As to your actual question: try writing three total functions: one that returns all the negative values, one that returns even values, and one that calls the appropriate function based on option.
def splitlist(myList, option):
if option == 1:
return get_even_elements(myList)
elif option == 0:
return get_negative_elements(myList)
def get_even_elements(myList):
pass # Implementation this method here.
def get_negative_elements(myList):
pass # Implementation this method here.
# Test it out!
alist = [-1, 2, -8, 5]
print splitlist(alist, 0)
print splitlist(alist, 1)
Henry Keiter's comment was correct. Just add one space before newlist.append(myList [i]) and it works just fine.
Alternatively, if your teacher lets you, you could use tabs instead of spaces to avoid this problem altogether (just make sure you don't use both in the same file).

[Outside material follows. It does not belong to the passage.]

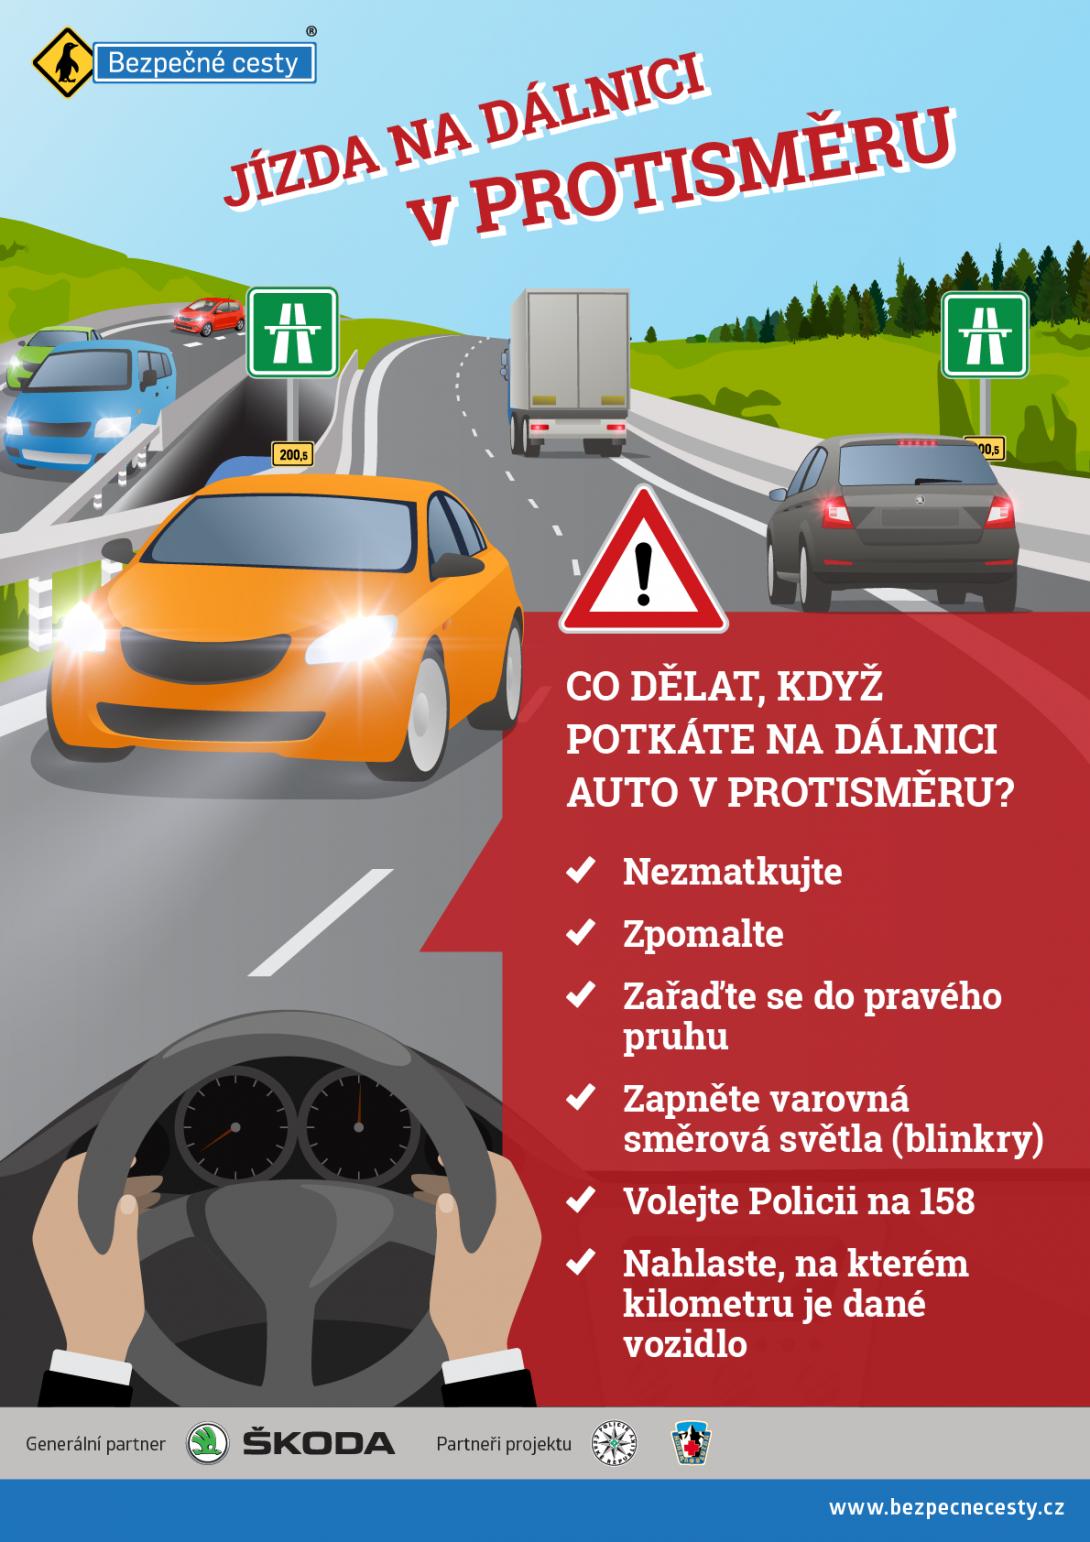 Jízda na dálnici v protisměru - infografika

def splitList(myList, option):
return [i for i in myList if i<0] if option==0 else [i for i in myList if i>0]
# test
>>> myList=[2, 3, -1, 4, -7]
>>> splitList(myList, 0)
[-1, -7]
>>> splitList(myList, 1)
[2, 3, 4]
>>>
I tried your code as-is and I did not get any errors when I passed in a list of positive integers, so I don't know why your program is 'crashing', so I suspect something else is interfering with your debugging. (Although, as others have said, you really should use the same number of spaces at every indent level.)
Here's what I entered:
def splitList(myList):
newlist = []
for i in range(len(myList)):
if (myList[i]%2 == 0):
newlist.append(myList [i]) # Only 3-space indent here
return newlist
print splitList([1, 2, 3, 4, 5])
When I run it:
[2, 4]
Can you show how you're invoking the method and the exact error message?

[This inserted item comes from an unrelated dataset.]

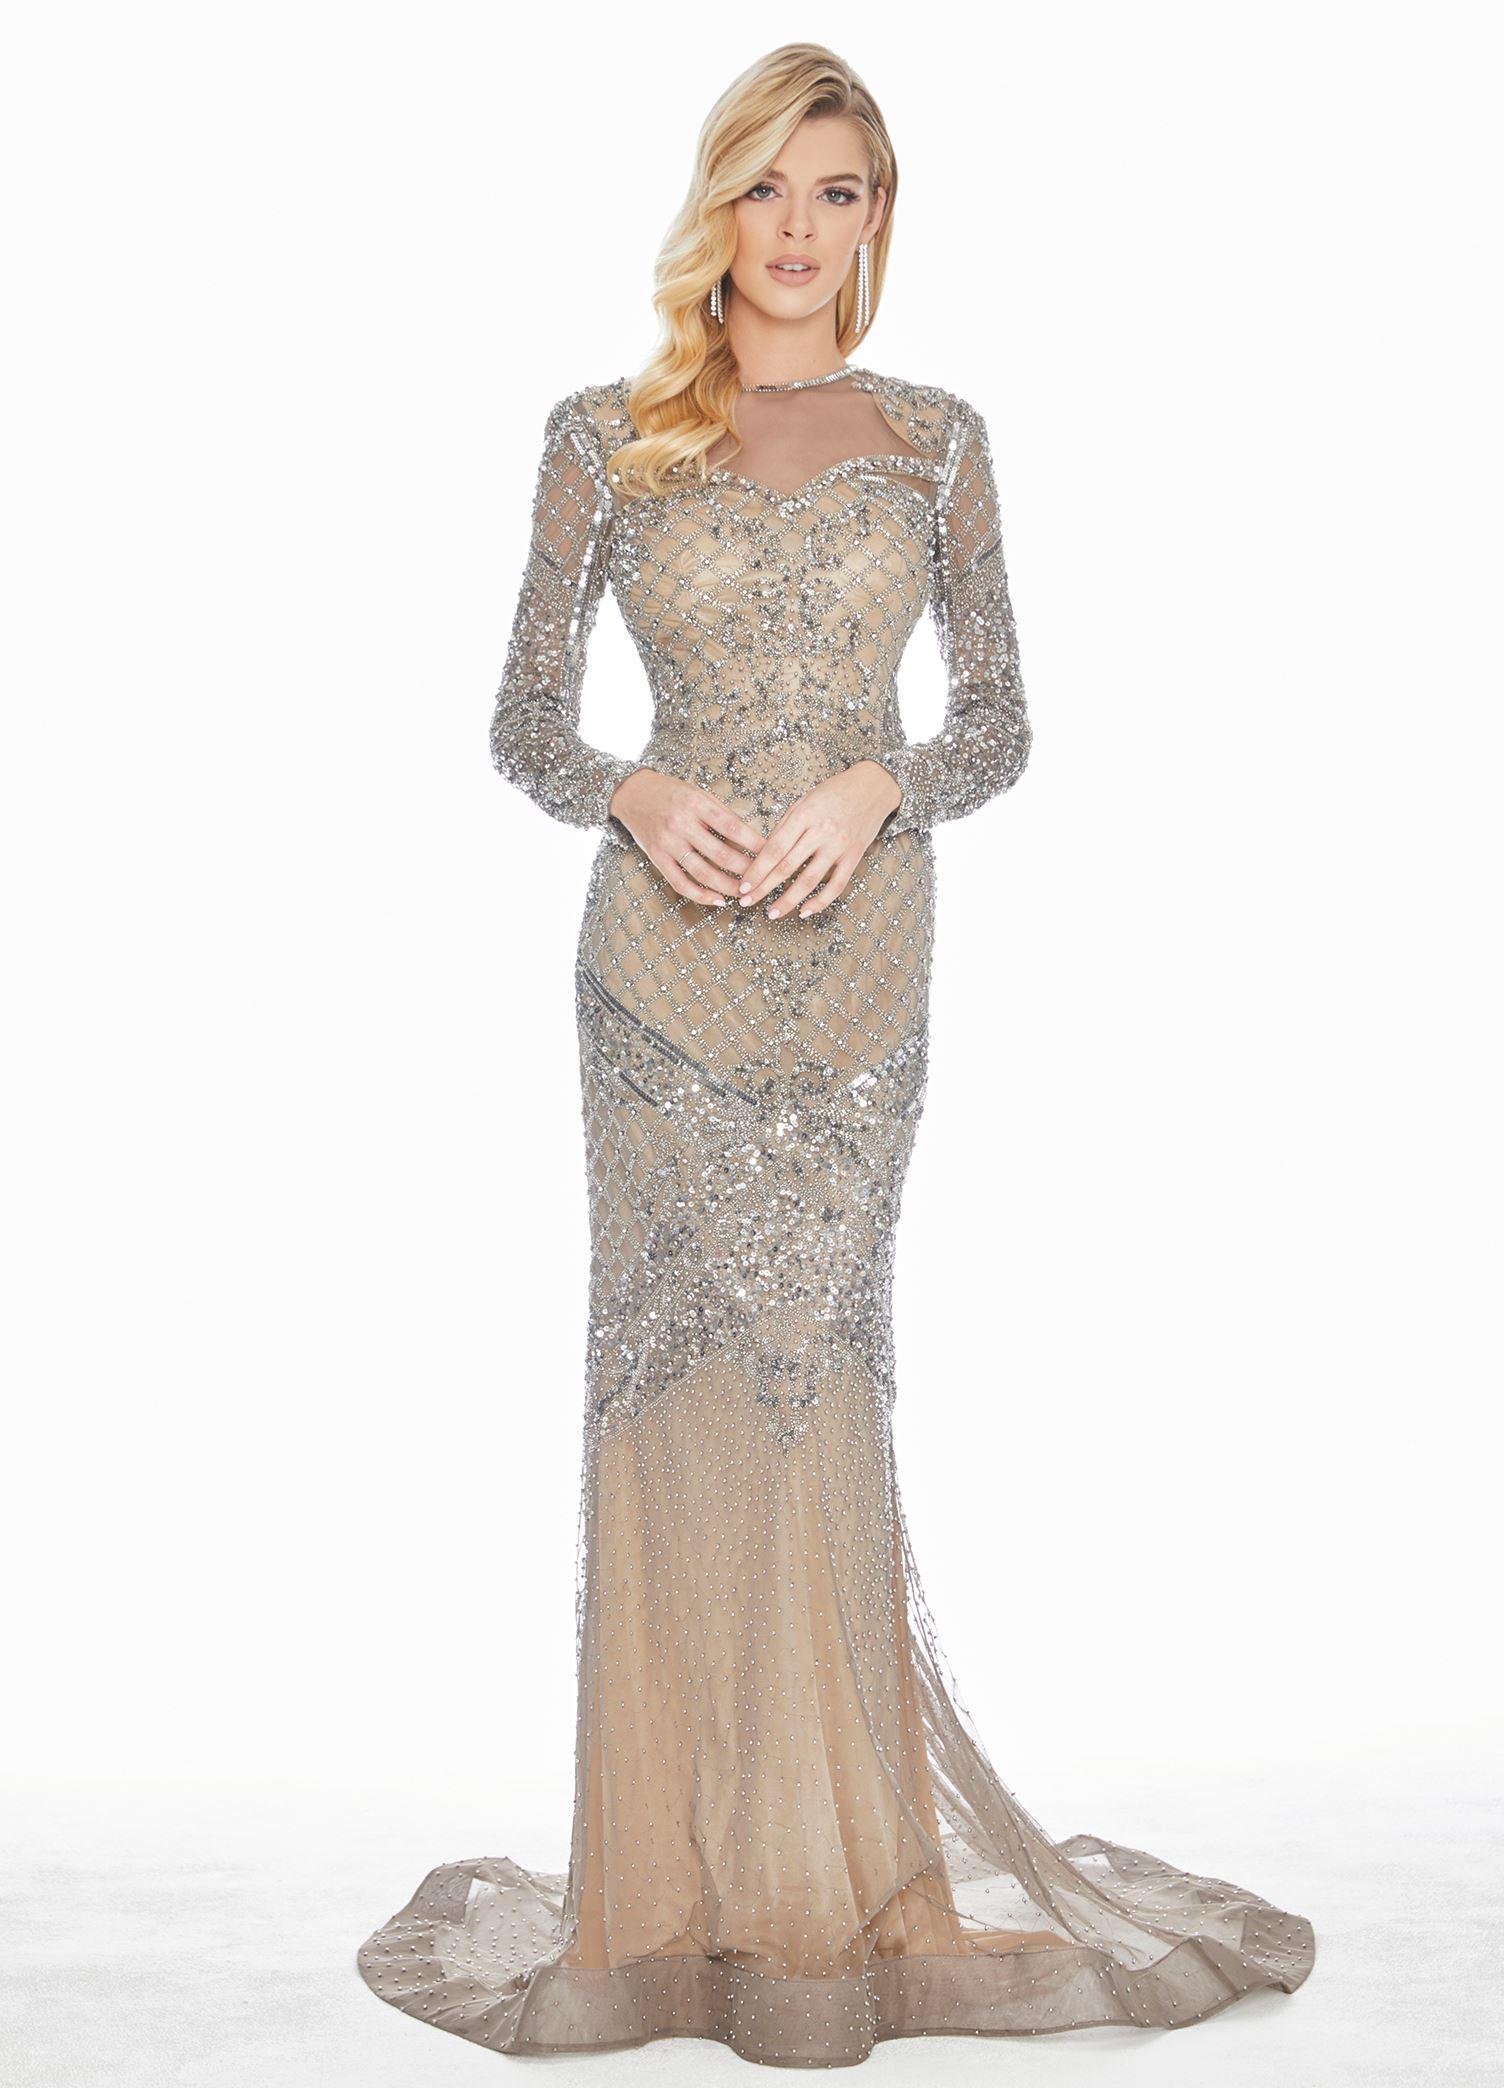 048ba7f13d9 Silver Evening Dress  Shop Silver Evening Dress - Macy s

My previous answer was incorrect, and I really should have tested before I opened my mouth... Doh!!! Live and learn...
edit
your traceback is giving you the answer. It is reading the list as an args list. Not sure if there is a super pythonic way to get around it, but you can use named arguments:
splitList(myList=yourList)
OR
splitList(myList=(1,2,3))
OR
splitList(myList=[1,2,3])
But your problem is really probably
splitList(1,2,3,4) # This is not a list as an argument, it is a list literal as your 'args' list
Which can be solved with:
splitList([1,2,3,4])
OR
splitList((1,2,3,4))
Is this the traceback you get?
Traceback (most recent call last):
File "pyTest.py", line 10, in <module>
print splitList(aList,1)
TypeError: splitList() takes exactly 1 argument (2 given)

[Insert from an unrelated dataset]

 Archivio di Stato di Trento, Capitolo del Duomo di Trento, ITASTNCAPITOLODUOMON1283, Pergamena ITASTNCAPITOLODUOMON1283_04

The error is most likely telling you the issue, this would be that the method only takes one argument, but I tried passing in two arguments like your requirements state.
edit
Can you show the code where you are calling the splitList method?
this was incorrect
myList [i]
is your problem, you can't have a space in there. python is VERY VERY VERY strict about syntax
since people seemed to think they should downvote me, let me explain:
by having that space, you effectively said myList (which is a list), and [i], which is a list literal with the value of 'i' at index 0....
so you are passing two variables (one actual variable and one literal) into the append method, NOT separated by a comma, which will not work.